--- Provided data ---

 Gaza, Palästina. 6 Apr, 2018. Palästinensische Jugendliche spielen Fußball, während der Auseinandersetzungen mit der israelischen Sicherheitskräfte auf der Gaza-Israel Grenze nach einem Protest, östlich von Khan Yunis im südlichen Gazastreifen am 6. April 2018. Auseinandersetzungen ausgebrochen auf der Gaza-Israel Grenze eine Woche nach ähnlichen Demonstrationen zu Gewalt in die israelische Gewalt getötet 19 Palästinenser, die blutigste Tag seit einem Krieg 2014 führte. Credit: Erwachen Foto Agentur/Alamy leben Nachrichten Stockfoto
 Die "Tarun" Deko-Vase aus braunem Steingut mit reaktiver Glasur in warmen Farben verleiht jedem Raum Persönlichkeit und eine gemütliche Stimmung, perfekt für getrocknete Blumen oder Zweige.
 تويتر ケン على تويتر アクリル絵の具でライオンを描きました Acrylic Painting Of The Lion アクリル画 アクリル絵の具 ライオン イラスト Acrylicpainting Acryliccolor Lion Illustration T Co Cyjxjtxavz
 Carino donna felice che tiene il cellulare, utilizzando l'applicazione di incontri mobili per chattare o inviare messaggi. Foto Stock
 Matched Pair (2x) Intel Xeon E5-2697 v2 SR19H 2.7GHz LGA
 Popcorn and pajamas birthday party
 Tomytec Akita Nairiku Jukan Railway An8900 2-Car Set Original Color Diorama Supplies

---

▶ _Task requirements_: Among the records above, find the lines where the word "eine" appears and copy them.

▶ _The answer_:
 Gaza, Palästina. 6 Apr, 2018. Palästinensische Jugendliche spielen Fußball, während der Auseinandersetzungen mit der israelischen Sicherheitskräfte auf der Gaza-Israel Grenze nach einem Protest, östlich von Khan Yunis im südlichen Gazastreifen am 6. April 2018. Auseinandersetzungen ausgebrochen auf der Gaza-Israel Grenze eine Woche nach ähnlichen Demonstrationen zu Gewalt in die israelische Gewalt getötet 19 Palästinenser, die blutigste Tag seit einem Krieg 2014 führte. Credit: Erwachen Foto Agentur/Alamy leben Nachrichten Stockfoto
 Die "Tarun" Deko-Vase aus braunem Steingut mit reaktiver Glasur in warmen Farben verleiht jedem Raum Persönlichkeit und eine gemütliche Stimmung, perfekt für getrocknete Blumen oder Zweige.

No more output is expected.